Rule: Prohibit new requests before completing old negotiation

A TELNET implementation MUST NOT initiate a new WILL/WONT/DO/DONT request about an option that is under negotiation, i.e., for which it has already made such a request and not yet received a response.

DISCUSSION:

  It is unclear from RFC 854 whether or not a TELNET implementation
  may allow new requests about an option that is currently under
  negotiation; it certainly seems limiting to prohibit "option
  typeahead".  Unfortunately, consider the following:

  LOOP EXAMPLE 2

     Suppose an option is disabled, and we decide in quick
     succession to enable it, disable it, and reenable it.  We send
     WILL WONT WILL and at the end remember that we are negotiating.
     The other side agrees with DO DONT DO. We receive the first DO,
     enable the option, and forget we have negotiated.  Now DONT DO
     are coming through the network and both sides have forgotten
     they are negotiating; consequently we loop.

  (All possible TELNET loops eventually degenerate into the same
  form, where WILL WONT [or WONT WILL, or WILL WONT WILL WONT, etc.]
  go through the network while both sides think negotiation is over;
  the response is DO DONT and we loop forever.  TELNET implementors
  are encouraged to implement any option that can detect such a loop
  and cut it off; e.g., a method of explicitly differentiating
  requests from acknowledgments would be sufficient.  No such option
  exists as of February 1990.)

  This particular case is of considerable practical importance: most
  combinations of existing user-server TELNET implementations do
  enter an infinite loop when asked quickly a few times to enable
  and then disable an option.  This has taken on an even greater
  importance with the advent of LINEMODE [4], because LINEMODE is
  the first option that tends to generate such rapidly changing
  requests in the normal course of communication.  It is clear that
  a new rule is needed.

  One might try to prevent the several-alternating-requests problem
  by maintaining a more elaborate state than YES/NO/WANTwhatever,
  e.g., a state that records all outstanding requests.  Dave Borman
  has proposed an apparently working scheme [2] that won't blow up
  if both sides initiate several requests at once, and that seems to
  prevent option negotiation loops; complete analysis of his
  solution is somewhat difficult since it means that TELNET can no
  longer be a finite-state automaton.  He has implemented his
  solution in the latest BSD telnet version [5]; as of May 1989, he
  does not intend to publish it for others to use [3].

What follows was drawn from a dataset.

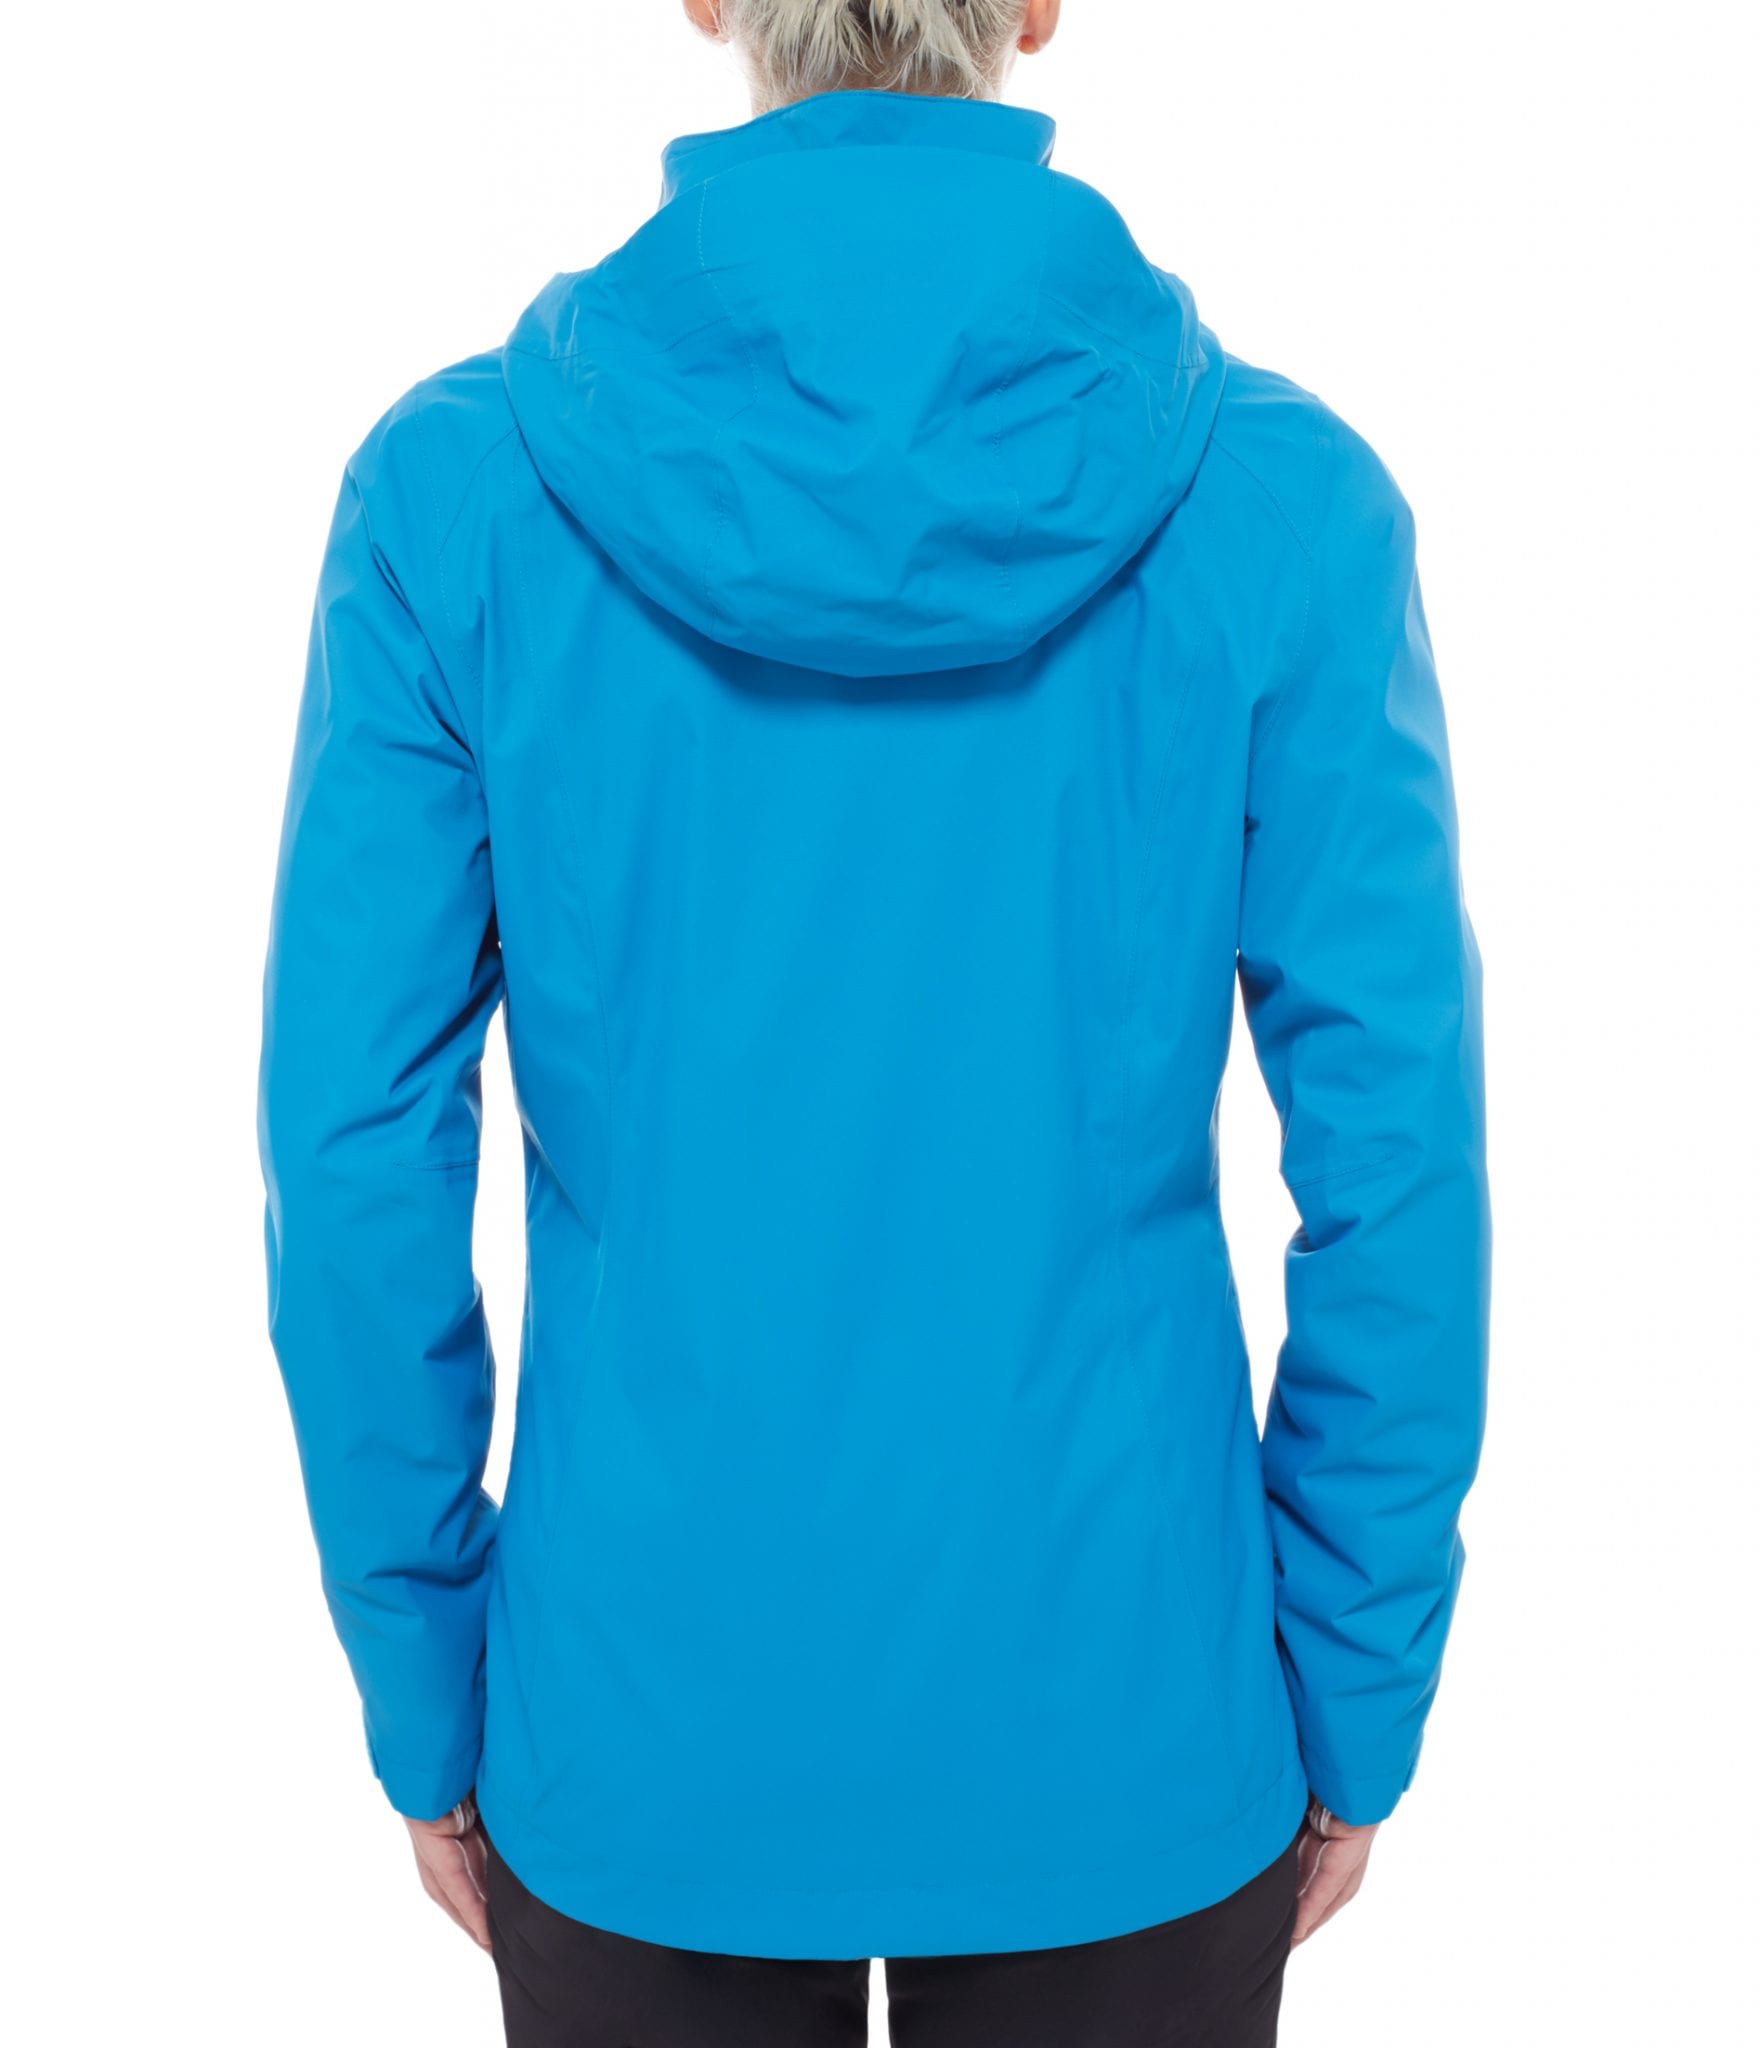 The North Face : W Evolve II triclimate jacket – Danish blue | o-zone shop

  Here the author decided to preserve TELNET's finite-state
  property, for robustness and because the result can be easily

  proven to work.  Hence the above rule.

  A more restrictive solution would be to buffer all data and do
  absolutely nothing until the response comes back.  There is no
  apparent reason for this, though some existing TELNET
  implementations do so anyway at the beginning of a connection,
  when most options are negotiated.

How to reallow the request queue

DISCUSSION:

  The above rule prevents queueing of more than one request through
  the network.  However, it is possible to queue new requests within
  the TELNET implementation, so that "option typeahead" is
  effectively restored.

  An obvious possibility is to maintain a list of requests that have
  been made but not yet sent, so that when one negotiation finishes,
  the next can be started immediately.  So while negotiating for a
  WILL, TELNET could buffer the user's requests for WONT, then WILL
  again, then WONT, then WILL, then WONT, as far as desired.

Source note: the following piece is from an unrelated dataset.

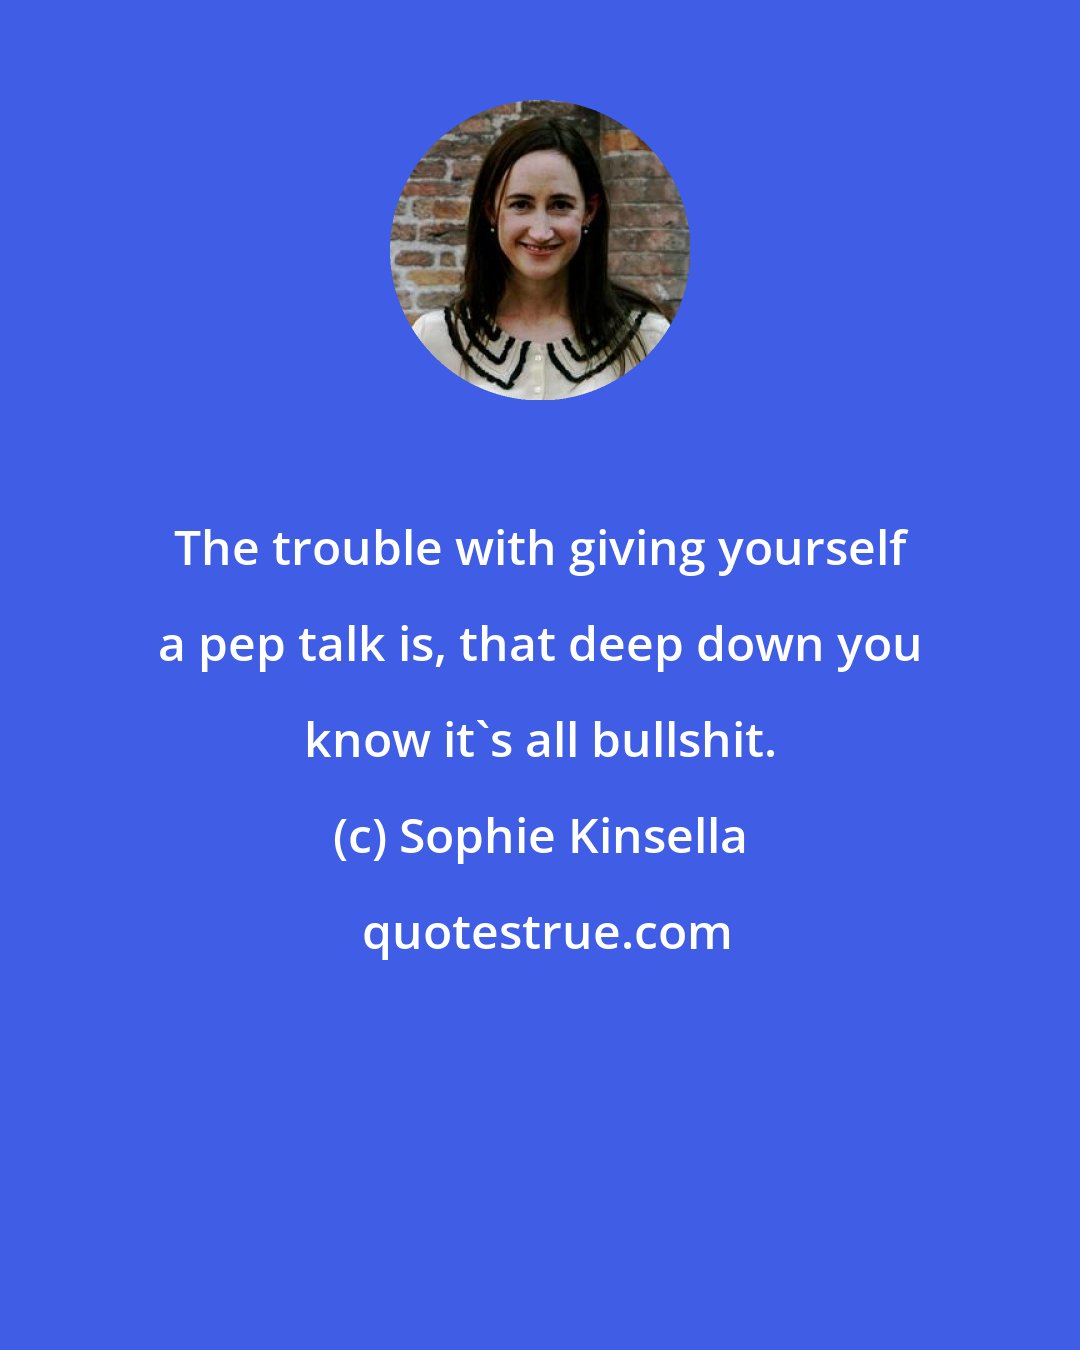 Sophie Kinsella: The trouble with giving yourself a pep talk is, that deep down you know it's all bullshit.

  This requires a dynamic and potentially unmanageable buffer.
  However, the restrictions upon possible requests guarantee that
  the list of requests must simply alternate between WONT and WILL.
  It is wasteful to enable an option and then disable it, just to
  enable it again; we might as well just enable it in the first
  place.  The few possible exceptions to this rule do not outweigh
  the immense simplification afforded by remembering only the last
  few entries on the queue.

  To be more precise, during a WILL negotiation, the only sensible
  queues are WONT and WONT WILL, and similarly during a WONT
  negotiation.  In the interest of simplicity, the Q method does not
  allow the WONT WILL possibility.

  We are now left with a queue consisting of either nothing or the
  opposite of the current negotiation.  When we receive a reply to
  the negotiation, if the queue indicates that the option should be
  changed, we send the opposite request immediately and empty the
  queue.  Note that this does not conflict with the RFC 854 rule
  about automatic regeneration of requests, as these new requests
  are simply the delayed effects of user or process commands.

An implementation SHOULD support the queue, where support is defined by the rules following.

If it does support the queue, and if an option is currently under negotiation, it MUST NOT handle a new request from the user or process to switch the state of that option by sending a new request through the network. Instead, it MUST remember internally that the new request was made.

If the user or process makes a second new request, for switching back again, while the original negotiation is still incomplete, the implementation SHOULD handle the request simply by forgetting the previous one. The third request SHOULD be treated like the first, etc. In any case, these further requests MUST NOT generate immediate requests through the network.

When the option negotiation completes, if the implementation is remembering a request internally, and that request is for the opposite state to the result of the completed negotiation, then the implementation MUST act as if that request had been made after the completion of the negotiation. It SHOULD thus immediately generate a new request through the network.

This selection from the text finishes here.